Die IgG-G0-AK zeichnen sich wie vorher beschrieben durch Abwesenheit von Galaktose und Sialinsäure aus. Ursprünglich ging man davon aus, dass dies die proinflammatorische Eigenschaft erkläre. Eine weitere Hypothese ist aber, dass durch den Verlust von Sialinsäure antiinflammatorische Eigenschaften verloren gehen. Dass AK auch antiinflammatorische Wirkung haben können, ist bekannt. Man macht sich dies bei der Therapie mit IVIG bei unterschiedlichen Autoimmunerkrankungen zunutze. Durch das Entfernen des Zuckerrests mit Sialinsäure verloren die IVIG ihre antiinflammatorische Wirkung (Nimmerjahn &

Ravetch, 2008). Interessanterweise hatten andere sialylierte Serumproteine keine entzündungshemmenden Eigenschaften. Dies bedeutet, dass sowohl die Glykosylierung mit Sialinsäure, als auch das IgG-Aminosäure-Grundgerüst vorhanden sein müssen, um die antiinflammatorische Wirkung zu entfalten (Kaneko et al., 2006). Eine mögliche Erklärung ist, dass die negativ geladenen Sialinsäurereste die Tertiärstruktur des IgGs verändern und somit Einfluss auf dessen Effektorfunktion haben. IgG-Moleküle, die Sialinsäure enthalten, haben eine geringe Affinität zu FcγR. Es gibt allerdings andere Rezeptoren, DC-SIGN, die bevorzugt von dieser IgG-Glykovariante gebunden werden (Anthony, Wermeling, Karlsson,

& Ravetch, 2008). Bei einer Therapie mit IVIG kommt es zur Hochregulierung von inhibitorischen FcγRIIB und zur Herunterregulierung von aktivierenden FcγR (Tackenberg et al., 2009). Dadurch ist die Schwelle zur Aktivierung des angeborenen Immunsystems erhöht und inflammatorische Prozesse werden gehemmt. Wie es genau zur Änderung in den FcγR kommt, ist noch unklar. Spekuliert wird über eine Beeinflussung durch antiinflammatorische Zytokine (Lux & Nimmerjahn, 2011).

Einleitung

24 1.4 Ziel der Arbeit

Wie in den vorangehenden Abschnitten beschrieben, handelt es sich bei der rheumatoiden Arthritis (RA) um eine epidemiologisch bedeutsame Erkrankung von der eine Vielzahl von Menschen betroffen ist. Die vorliegende Arbeit soll auf lange Sicht zu einer Optimierung der Behandlung der Patienten beitragen.

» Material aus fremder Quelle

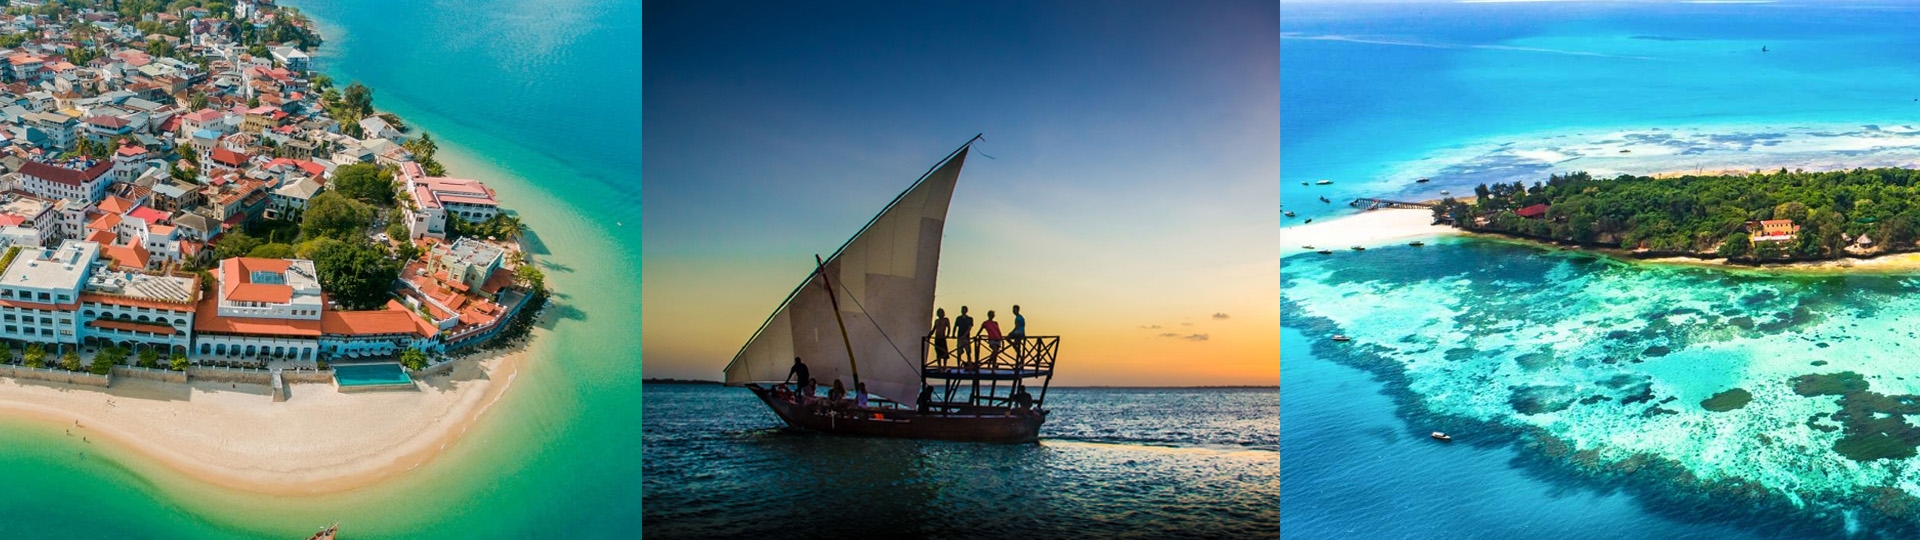 Zanzibar Tours and Excursions

Die Glykosylierung krankheitsspezifischer AK, aber auch der Gesamt-Immunglobuline, die jeder Mensch besitzt (IgG), besitzt wahrscheinlich eine große Rolle bei der Pathogenese der RA. Diese Glykosylierungen können sich in Abhängigkeit von der Krankheitsaktivität verändern. Dabei konnten bestimmte Gruppen spezifischer Zuckerreste in Verbindung mit entzündungsfördernden und andere mit entzündungshemmenden Eigenschaften gebracht werden. Ziel dieser Arbeit war es, zu untersuchen, inwiefern die AK-Glykosylierung auch durch immunmodulatorische Medikamente beeinflusst werden kann.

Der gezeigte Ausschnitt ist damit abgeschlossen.